Dave Rolsky, on 2009-11-29 09:13, said:
Aristotle, you could recognize all links pretty easily. For HTML links you’d write something like …
Aristotle Pagaltzis, on 2009-11-29 12:42, said:
Right. IMO that’s thinking about Markdown at the wrong level (as most people do)… Gruber made it a point not to invent syntax for all possible HTML tags, and to just let it be written as HTML tags. Essentially, Markdown should be thought of as shorthand HTML, wherein you can structurally imply tags using formatting. In that view, to think of
*this* as different from
<em>this</em> is mistaken as they are interchangeable equivalents.
IMO the proper decoupled approach to Markdown is for the Markdown parser to offer the same API as an HTML parser of some flavour (be it event-driven, a DOM, or whatever).

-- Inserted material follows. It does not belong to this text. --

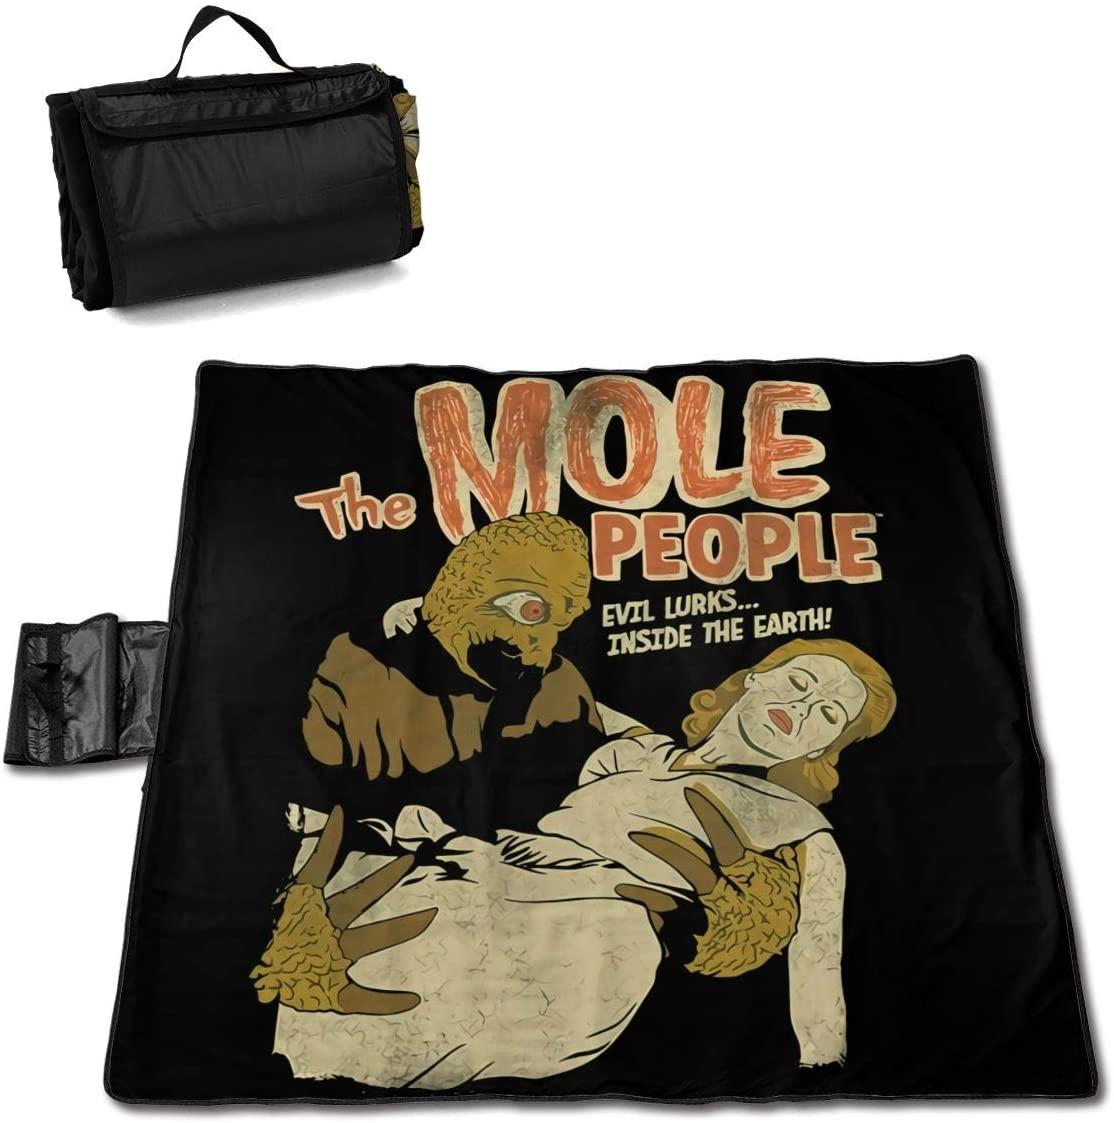 Htw The Mole People Portable Printed Picnic Blanket Waterproof 59x57(in)

What the existing Perl Markdown processors don’t do to my liking, and so I agree that they are not sufficiently decoupled, is that they first convert the whole thing to HTML using successive substitutions, and then you get to feed it to an HTML parser of your choice. It’s slow, it’s cumbersome, and there is merely a high likelihood but no guarantee that the Markdown processor output is going to make sense as HTML, much less be well-formed XHTML.
I suppose it wouldn’t be hard to write such an API as an adapter over Markdent, though.
Dave Rolsky, on 2009-11-29 12:46, said:
Yes, writing a handler that did this in Markent would be pretty easy.
I know what you mean about Gruber’s intention, but if I started with that approach I’d be throwing out a lot of information. For example, id-based links vs inline links would end up appearing the same. With Markdent, you can (modulo whitespace and a few niggles) reconstruct the original document, because it preserves all possible information.
Also, I imagine that a _lot_ of uses of Markdown are in environments where you absolutely do not want to support inline HTML, so being able to distinguish inline HTML from Markdown is useful.
Aristotle Pagaltzis, on 2009-11-29 13:44, said:
What possible problem can
<em> cause that
* can’t? The right way to achieve such restrictions is to whitelist acceptable tags (and attributes) after the conversion. It should not matter what syntax they were written in. This is in keeping with the spirit of Markdown as an HTML shorthand.
Shlomi Fish, on 2009-12-01 15:15, said:
Sounds really cool. Thanks for your work on that. I might take a look.
Lately, I’ve started using AsciiDoc which is similar-in-spirit to Markdown, but probably more powerful and can also generate DocBook/XML, for some documents, and it’s been a mostly pleasant experience. AsciiDoc only has a Python implementation so far, and I don’t know how well it can be used as an events-streamer.
Dan Dascalescu, MojoMojo contributor, on 2009-12-02 00:08, said:
This sounds almost like built for MojoMojo!